↓
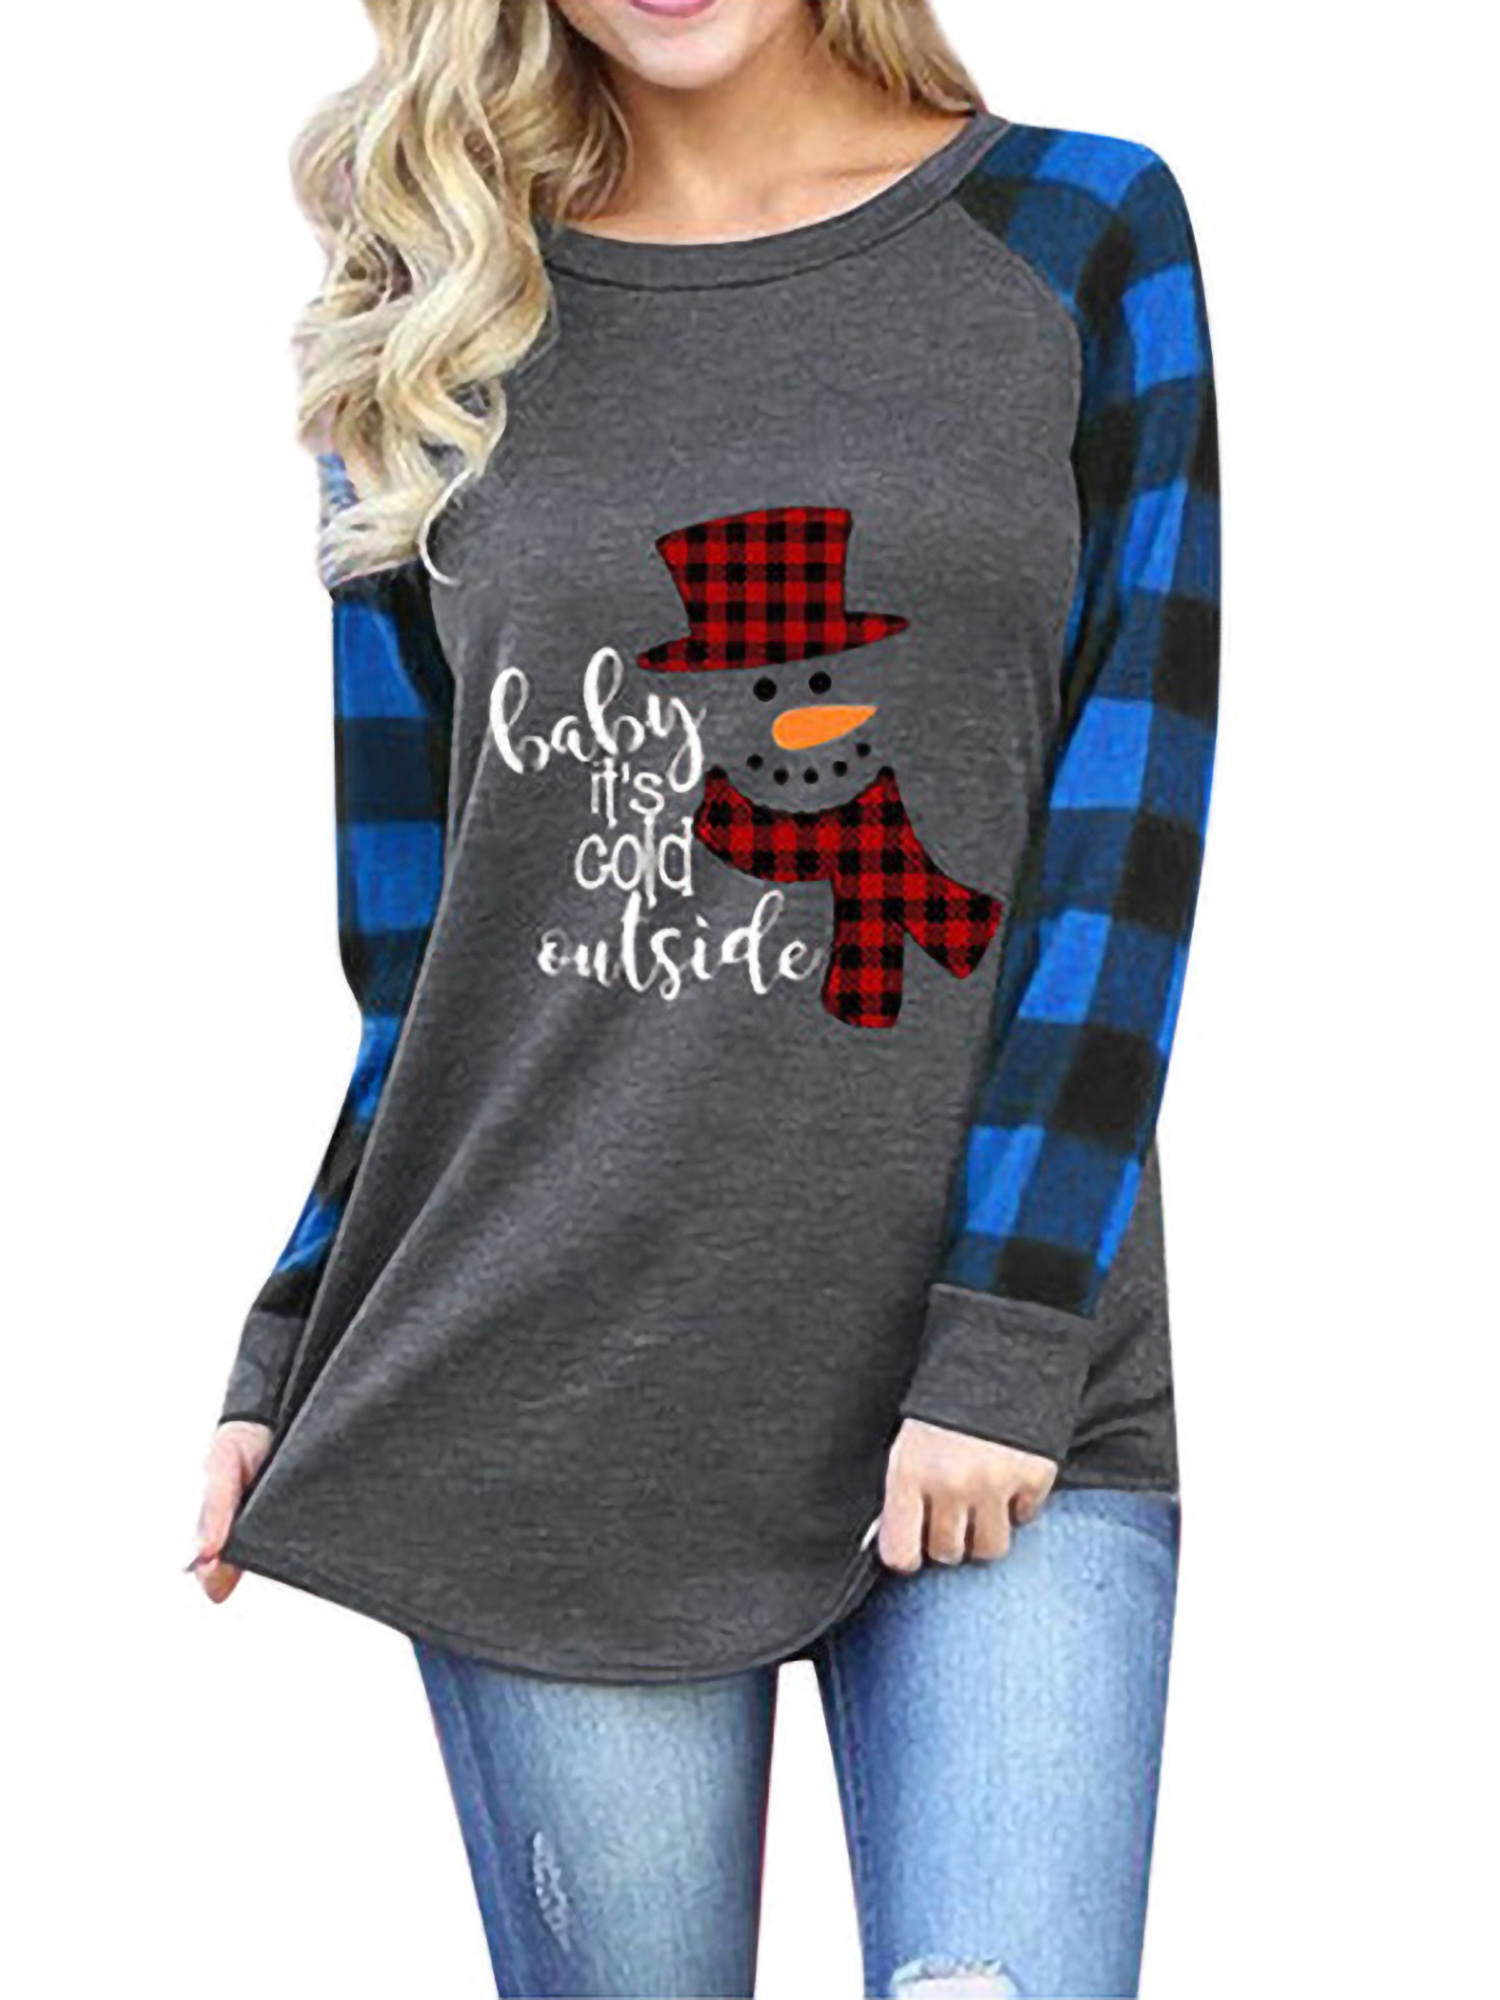 Tunic Tops for Leggings for Women Long Sleeve Merry Christmas Plaid Printed Tops Blouses Pullovers with Pockets
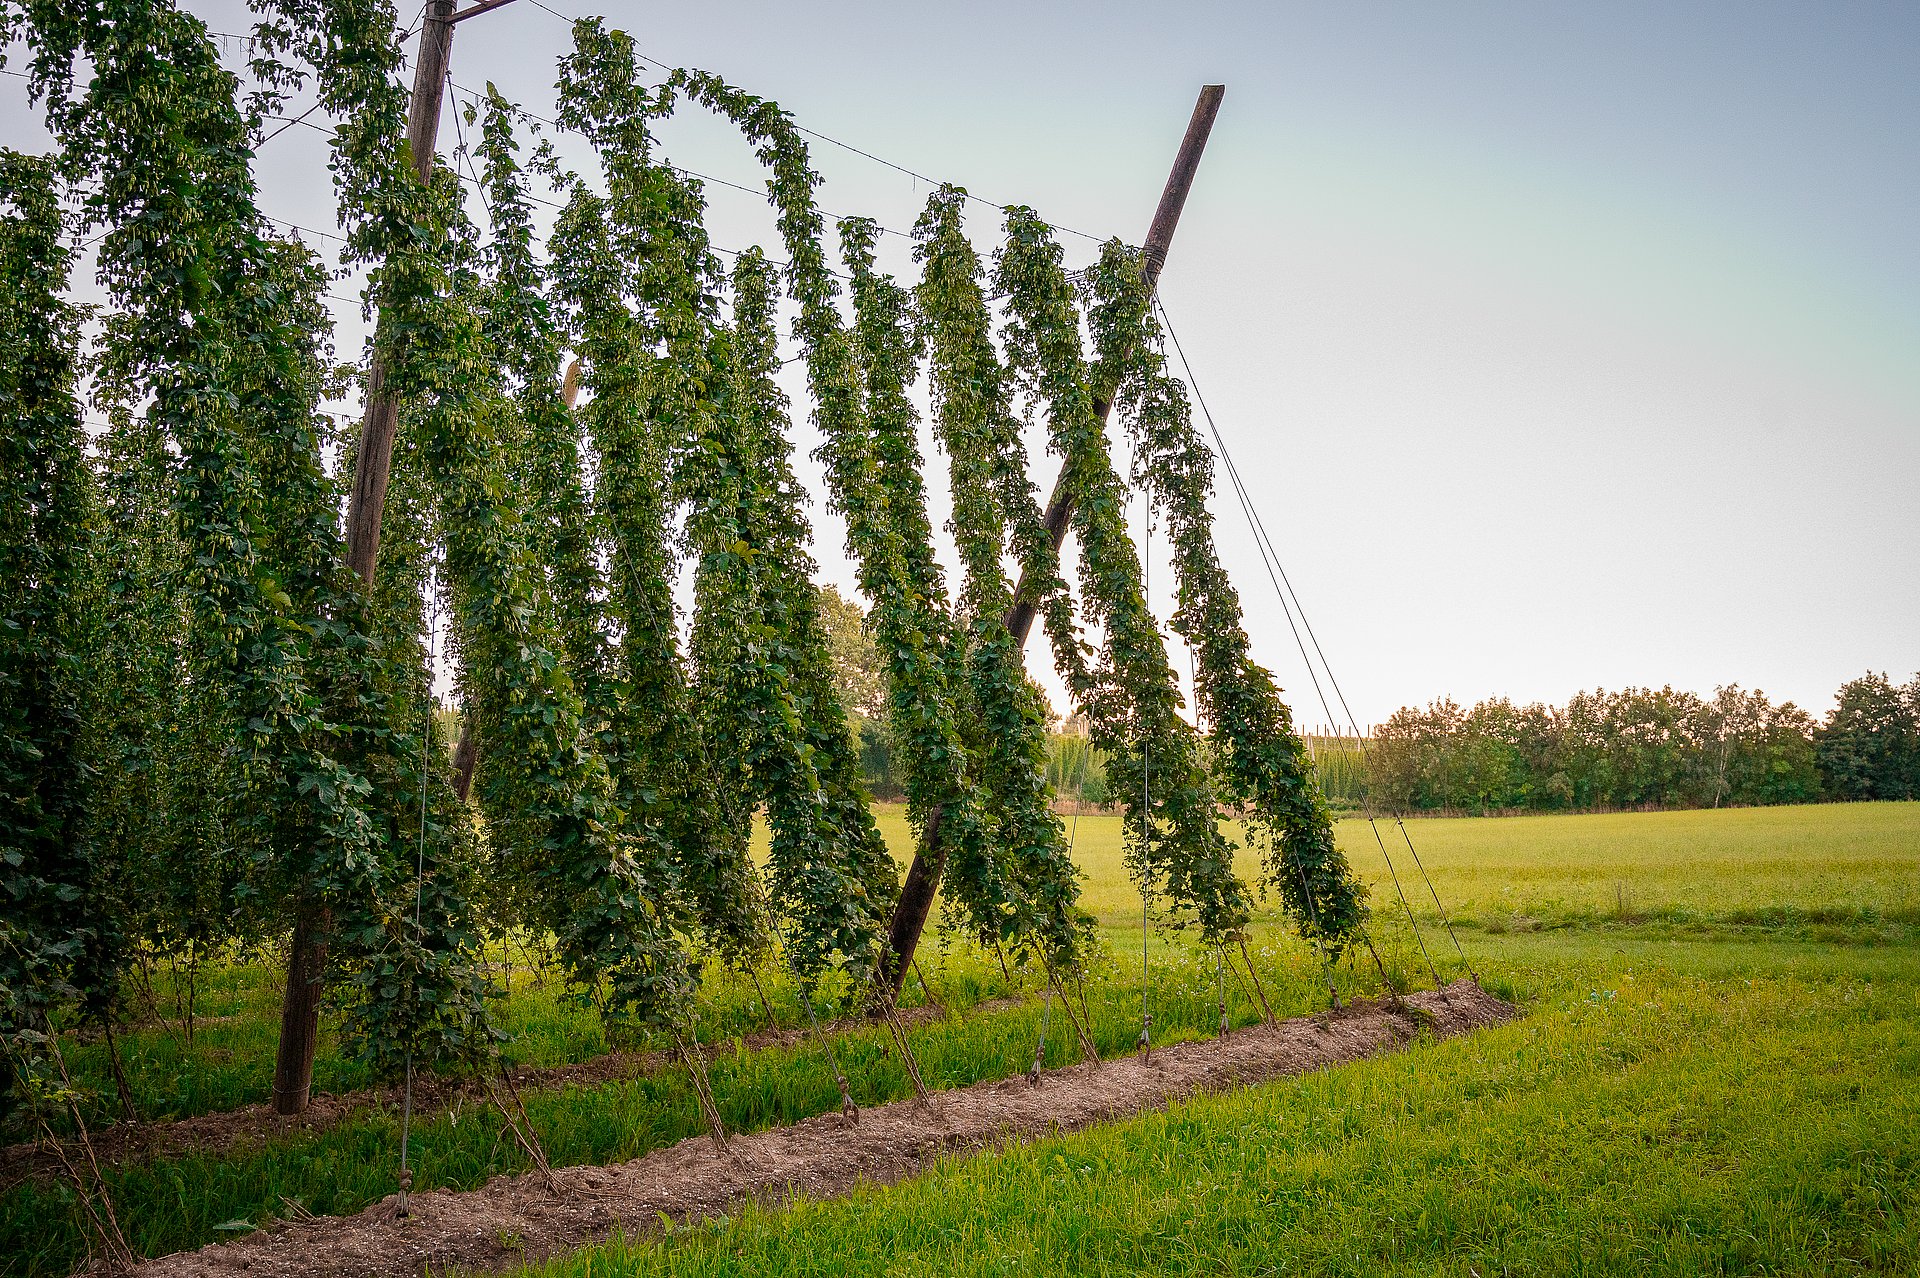 Hop vines in the Hallertau grow along a wire
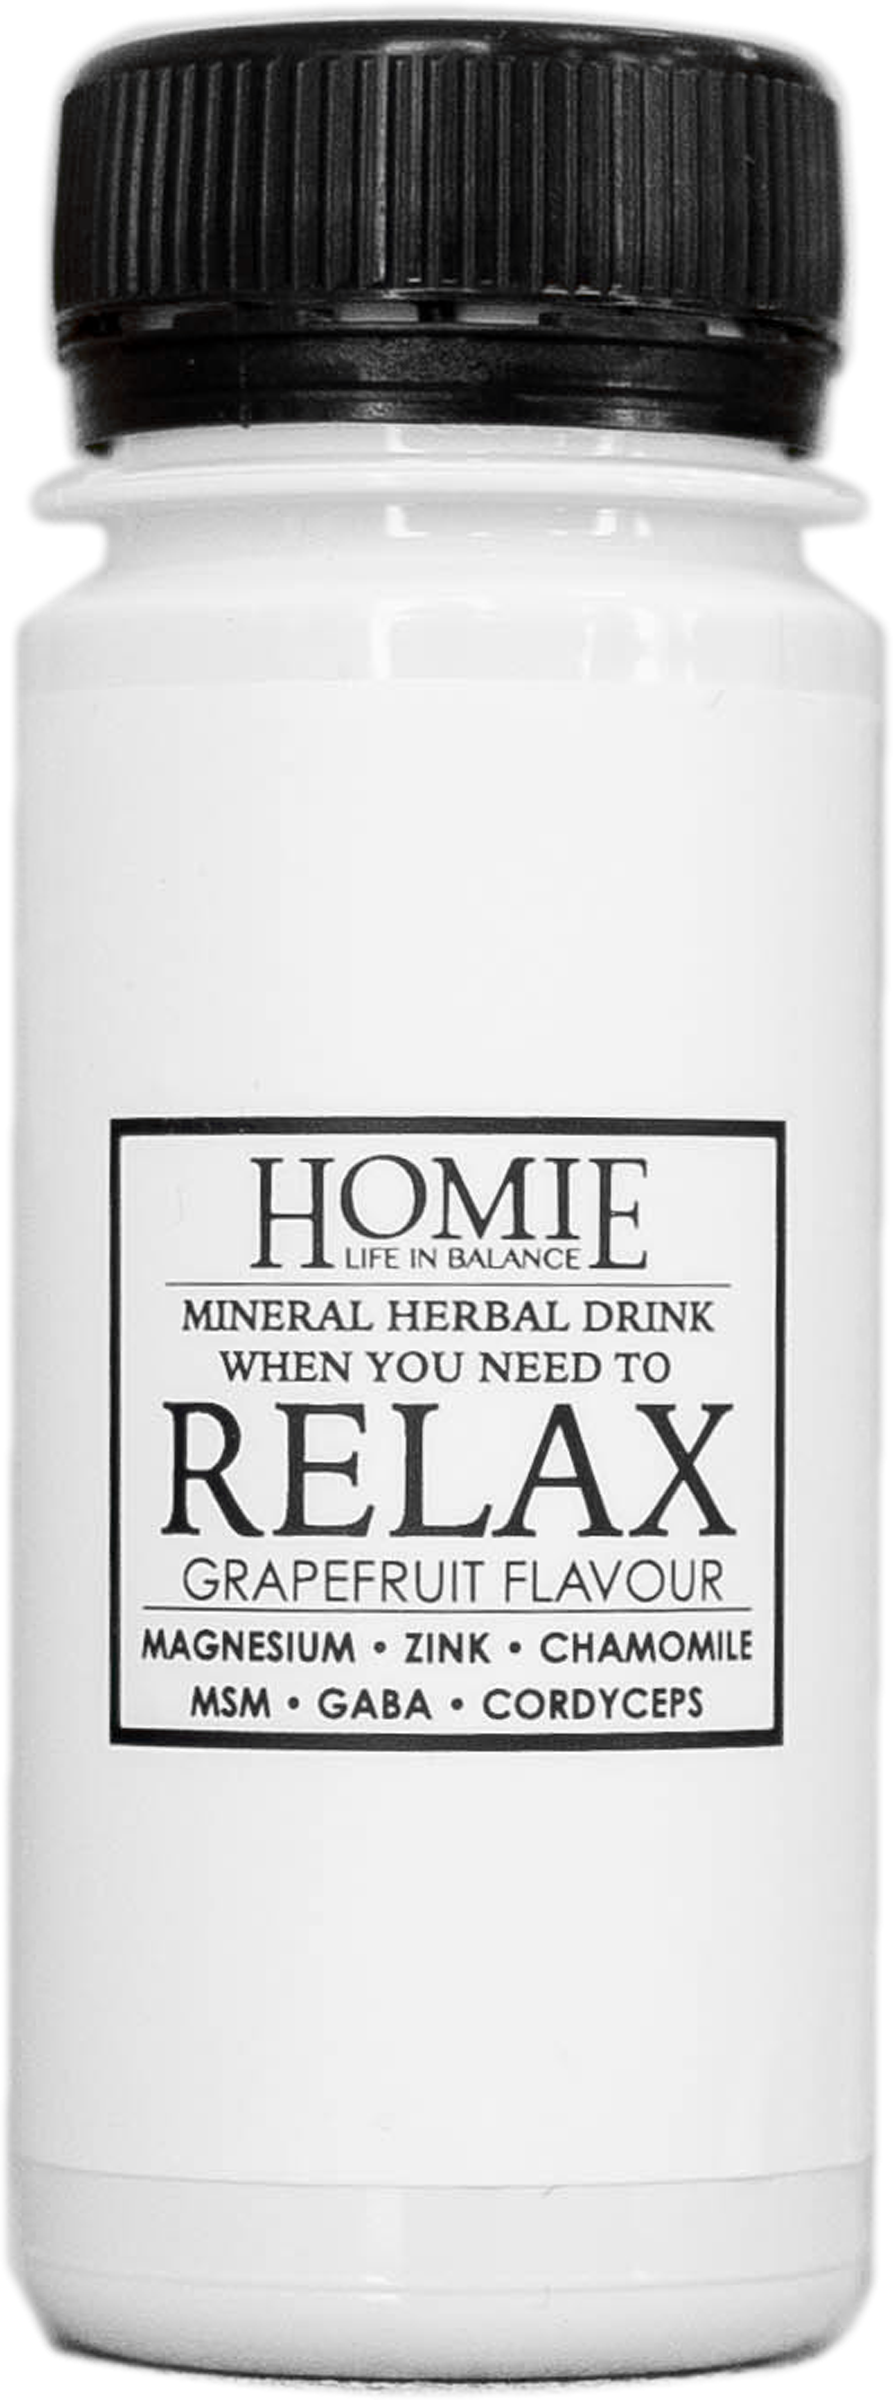 Homie Life in Balance Relax 60 ml
↑
» **What is being asked**
All of the material should be reproduced exactly, apart from the pictures.

» **Final answer**
 Tunic Tops for Leggings for Women Long Sleeve Merry Christmas Plaid Printed Tops Blouses Pullovers with Pockets
 Hop vines in the Hallertau grow along a wire
 Homie Life in Balance Relax 60 ml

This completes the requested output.